"Cet âge de la Françafrique est bien révolu", a déclaré Emmanuel Macron ce jeudi 2 mars 2023 à Libreville au Gabon, ajoutant que la France était désormais un "interlocuteur neutre" sur le continent. "Cet âge de la Françafrique est bien révolu et j'ai parfois le sentiment que les mentalités n'évoluent pas au même rythme que nous quand je lis, j'entends, je vois qu'on prête encore à la France des intentions qu'elle n'a pas, qu'elle n'a plus", a-t-il lancé devant la communauté française dans la capitale gabonaise, où il doit participer dans l'après-midi à un sommet sur la protection des forêts tropicales.
Au commencement d'une tournée de quatre jours en Afrique centrale, le chef de l'État a également souligné que la réorganisation militaire française engagée depuis plusieurs mois ne constitue "ni un retrait, ni un désengagement". "Il ne s'agit en l'espèce ni d'un retrait ni d'un désengagement, mais d'adapter un dispositif", en redéfinissant les "besoins" des pays partenaires et en offrant "plus de coopération et de formation", a-t-il expliqué.
Le sommet, baptisé One Forest Summit et co-organisé par les deux pays, est destiné à trouver des "solutions concrètes" pour la conservation des forêts, la protection du climat et des espèces dans un contexte de dérèglement climatique, mais "n'aura pas pour objectif de faire adopter de nouvelles déclarations politiques", ont souligné par avance les organisateurs.
Ils précisent qu'il aura surtout vocation à mettre en application les objectifs fixés par l'Accord de Paris sur le climat (2015) et la COP15 de Montréal sur la biodiversité (2022).
Devant les caméras, Emmanuel Macron a insisté sur l'enjeu de "mobiliser les financements internationaux", car "on parle toujours dans nos sommets de milliards, mais les gens en voient très peu la couleur sur le terrain parce que les mécanismes sont imparfaits". Il a également échangé avec des scientifiques, leur promettant "d'aider la science" à "mieux connaître" les forêts.
D'autres chefs d'Etats de la région dont Denis Sassou-Nguesso (Congo-Brazzaville), Faustin Archange Touadéra (Centrafrique), Mahamat Idriss Déby Itno (Tchad) ou encore Teodoro Obiang Nguema Mbasogo (Guinée équatoriale) font aussi le déplacement. Les présidents français et gabonais concluront le sommet par deux discours en fin de journée.
La venue d'Emmanuel Macron a été décriée par une partie de l'opposition politique et de la société civile gabonaises, qui l'accusent de venir "adouber" Ali Bongo, qui avait succédé laborieusement à son père, le président Omar Bongo, décédé en 2009 après avoir dirigé ce riche petit pays pétrolier pendant 41 ans. Ali Bongo avait été réélu dans des conditions controversées en 2016 et sera probablement candidat à sa réélection cette année.

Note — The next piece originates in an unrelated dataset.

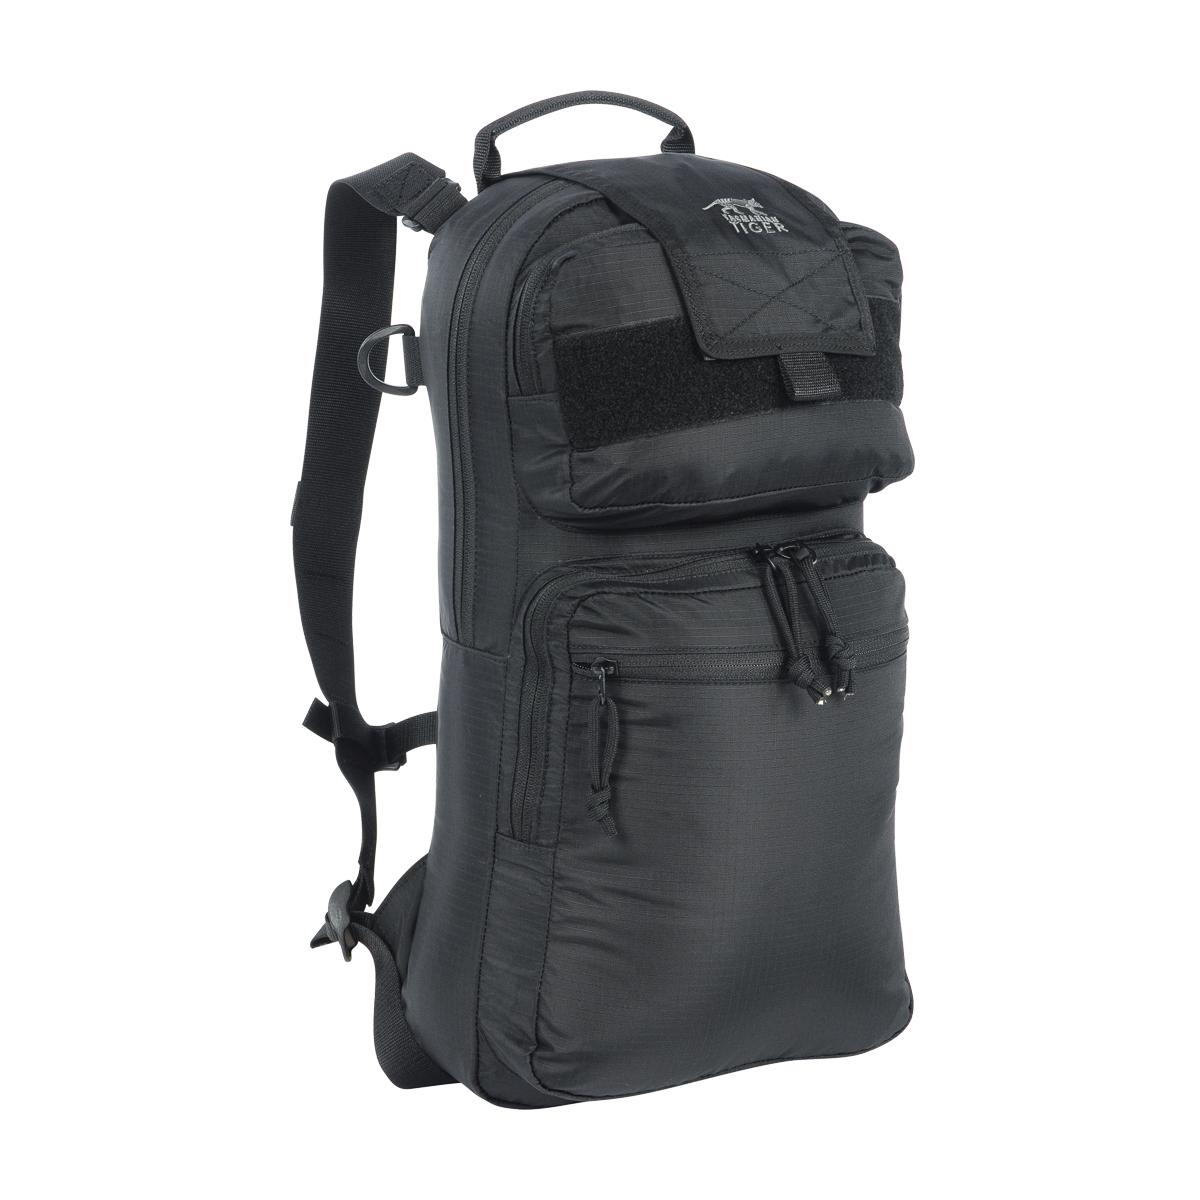 tasmanian tiger tt roll up bag schwarz 10 liter rucksack. Black Bedroom Furniture Sets. Home Design Ideas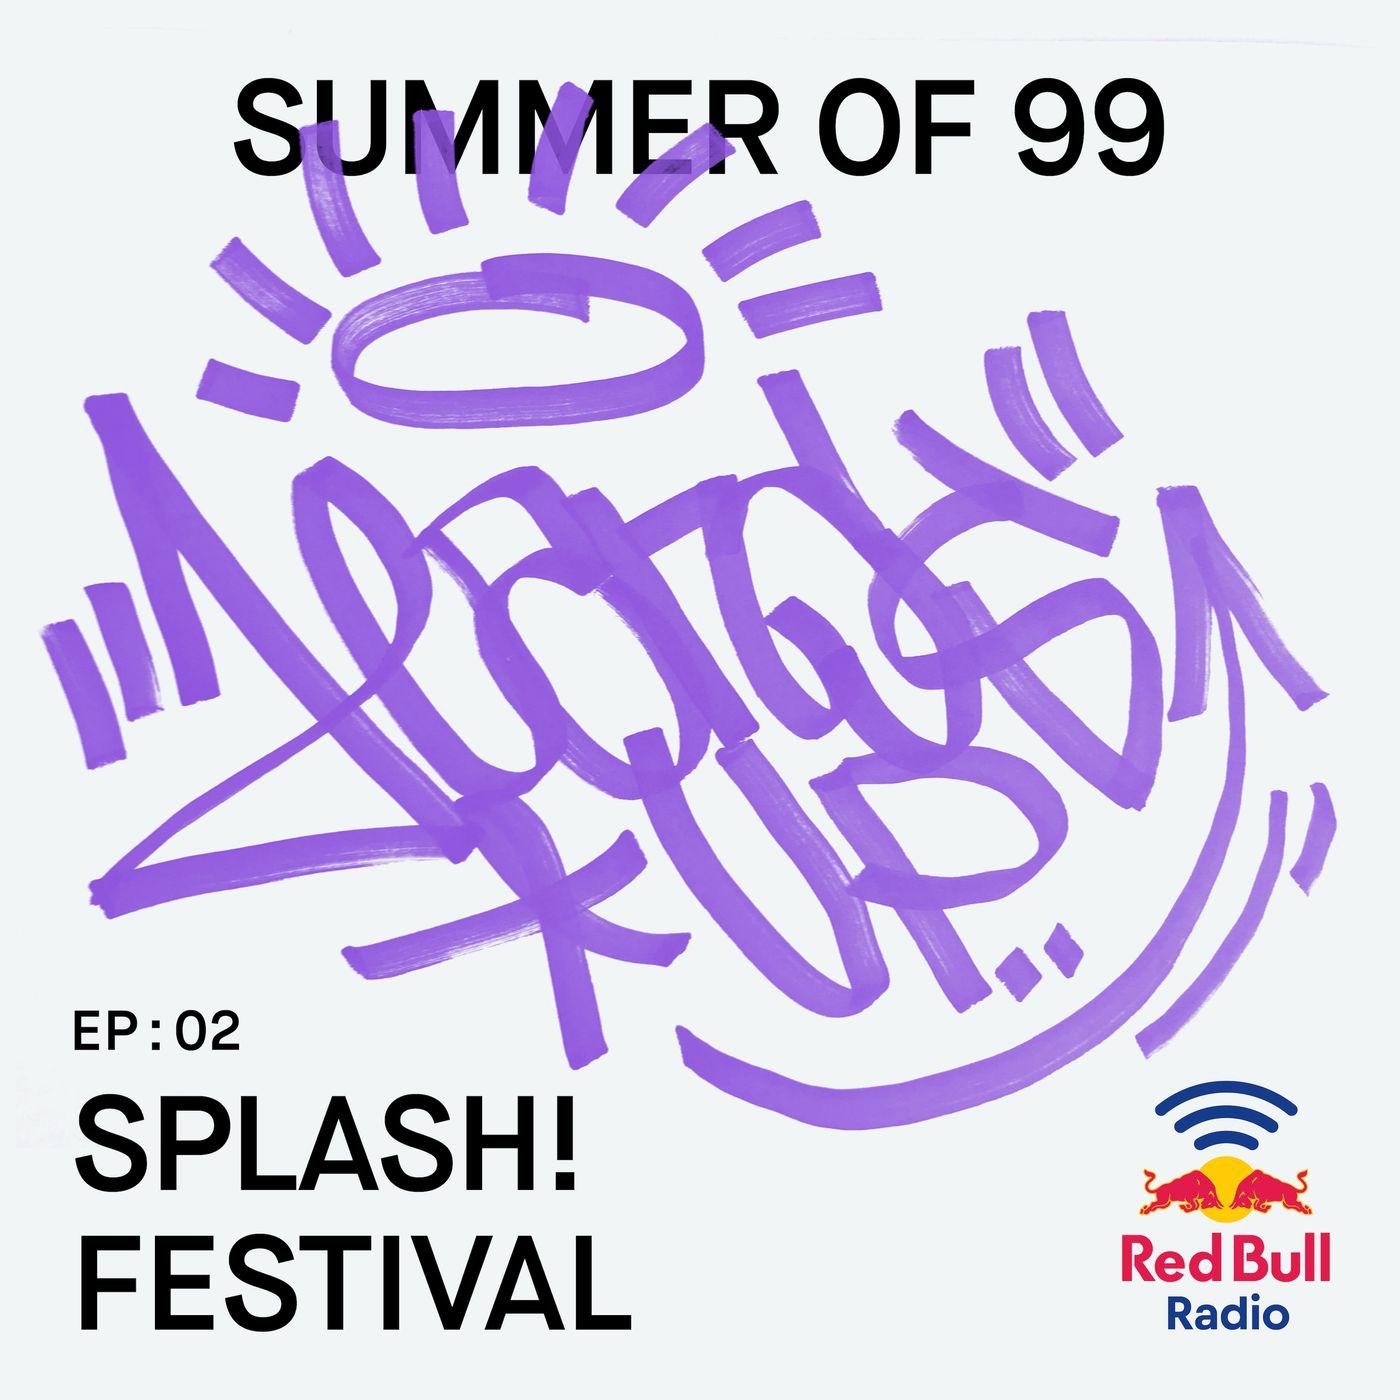 Episode 2: Splash! Festival

C'est le dix-huitième déplacement d'Emmanuel Macron en Afrique depuis le début de son premier quinquennat en 2017, où l'influence et la présence française sont de plus en plus remises en question. Depuis 2022, l'armée française a été poussée hors du Mali et du Burkina Faso par les juntes au pouvoir dans ces deux pays. Mardi, le Burkina a également dénoncé un accord d'assistance militaire signé avec la France en 1961, l'année d'après l'indépendance du pays, auparavant colonie française.
Forte des mercenaires du groupe Wagner et de campagnes de désinformation qui alimentent le sentiment antifrançais, la Russie dame de plus en plus le pion à Paris dans cette sphère d'influence française historique. Emmanuel Macron a exposé lundi depuis Paris sa stratégie africaine pour les quatre ans à venir. Il a prôné "l'humilité" et encouragé un nouveau partenariat "équilibré" et "responsable" avec les pays africains. Il a également annoncé une réduction de la présence militaire française, concentrée depuis dix ans sur la lutte contre le jihadisme au Sahel.